Макс плевать, какую цену следует уплатить за жизнь папы. Она готова.

— Чёрта с два, — отзывается она и уходит к шатру.

— Рой шарлатан, — отчаянно кричит Дин ей в спину. — Я ничем не болел, это всё шоу для доверчивых, и я всего лишь подыграл ему.

— Я бы поверила, если бы ты начал с этого, а не магической чуши, — бросает Макс через плечо и ныряет под полог шатра.

Несмотря на то, что однообразное убранство «церкви» Роя она наблюдает уже много часов, сейчас, с наступающими сумерками, внутри становится красиво. Вместо обычных ламп под потолком подвешено несколько ёлочных гирлянд с белым светом, а на балках приглушённо светятся дешёвые светильники-бра, что не заменяет дневной свет и не даёт достаточно освещения, чтобы, например, читать и писать, но делает обстановку более уютной. Будто здесь собрались близкие на семейные посиделки, хотя спустя столько времени бок о бок и с бедами, которые привели их сюда, сейчас они друг другу ближе некуда.

Макс удаётся занять место в первом ряду, хотя папа нацелился на лавочку в середине, на которой они сидели в прошлый раз. Однако девушка настаивает, что сейчас нужно расположиться как можно ближе к сцене, особенно пока есть шанс — у неё хорошее предчувствие. Как говорится, третий раз — алмаз, и уж теперь удача точно должна улыбнуться им, а Господь благословить за веру и терпение.

Рой поднимается на сцену под возбуждённый гул паствы — следующая такая встреча состоится только через неделю, и все надеются, что к концу вечера повода вернуться сюда уже не будет.
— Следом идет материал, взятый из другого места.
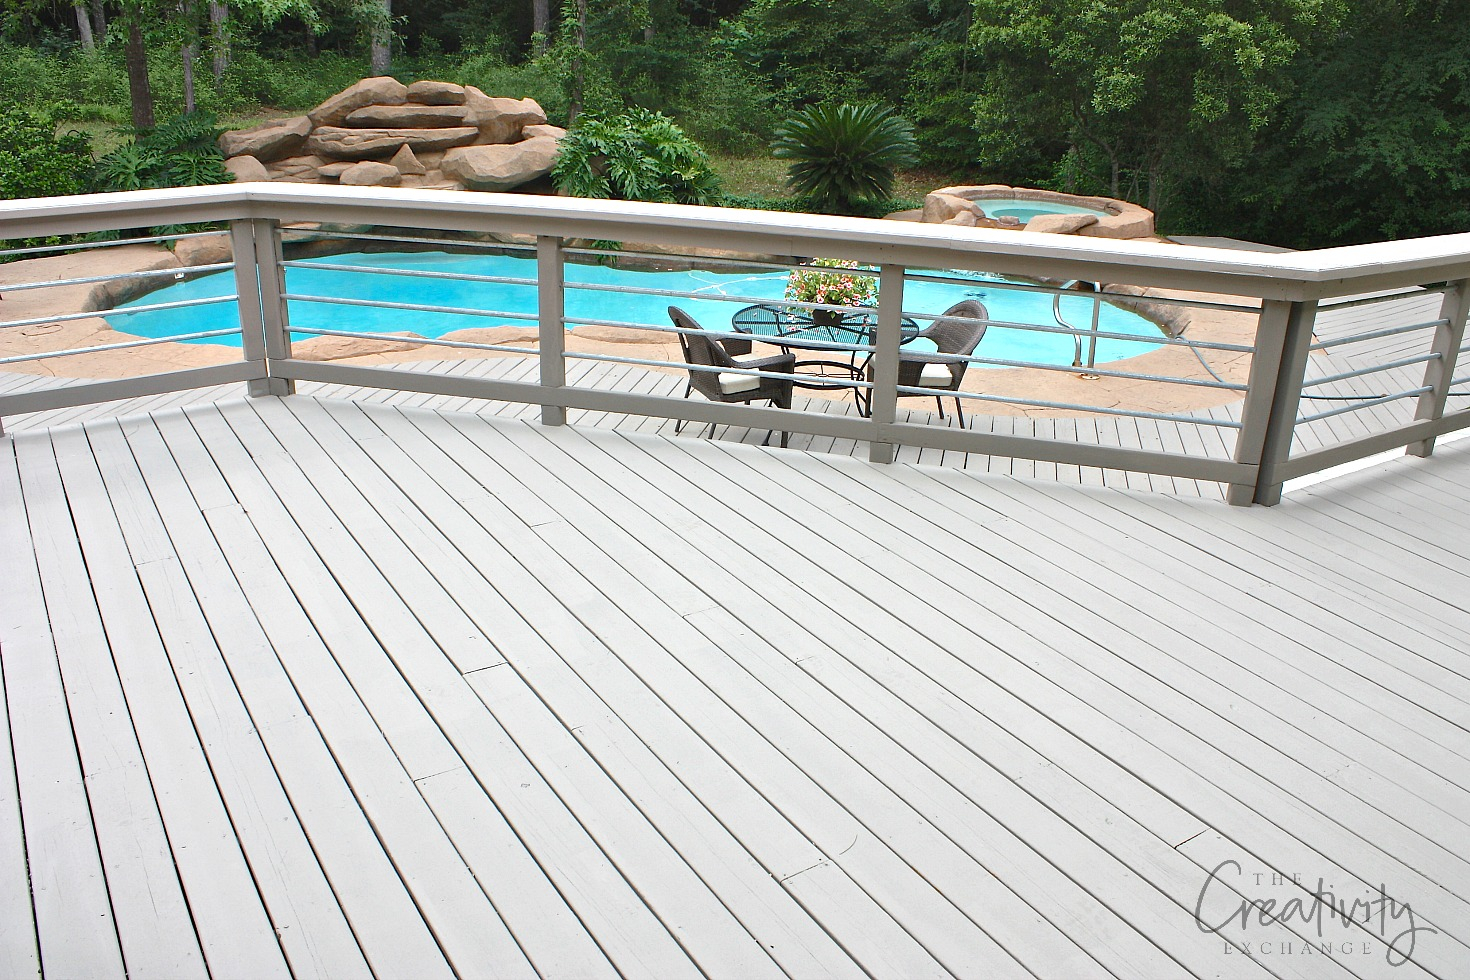 Best Paints To Use On Decks And Exterior Wood Features throughout sizing 1470 X 980

Кто-то благодарит Бога за шанс быть здесь, кто-то благословляет доброту Роя и Сью Энн. Сама миссис Ле Гранж окидывает присутствующих внимательным взглядом, точно ищет кого-то, но, не найдя, уходит запускать пианолу.

Ни Дина, ни Сэма здесь нет, как и в прошлый раз. Неудивительно, в общем-то — пару часов назад у Дина состоялся неприятный разговор со Сью Энн в присутствии полиции. Макс не слышала, о чём шла речь, но догадывается, что это из-за её жалобы.

И ей абсолютно не совестно за это. Если подумать, она сделала благое дело, посему терзать себя мыслями о принятом решении и недавнем разговоре совершенно не стоит.

Макс внимает каждому слову Роя о нравственном падении молодёжи, о ложном пути, по которому их направляет Диавол, о необходимости простой и честной жизни. И с воодушевлением читает молитву вместе со всеми. Осталось совсем чуть-чуть...

— Мистер Максименко! — слова преподобного гремят громом посреди ожидающей тишины присутствующих, и Макс вздрагивает: она была готова и не готова к этим двум заветным словам.

Папа смотрит на неё растерянно, точно не может поверить, что это его фамилия прозвучала, что его зовут, что их молитвы наконец-то услышаны и скоро всё закончится, скоро жизнь наладится.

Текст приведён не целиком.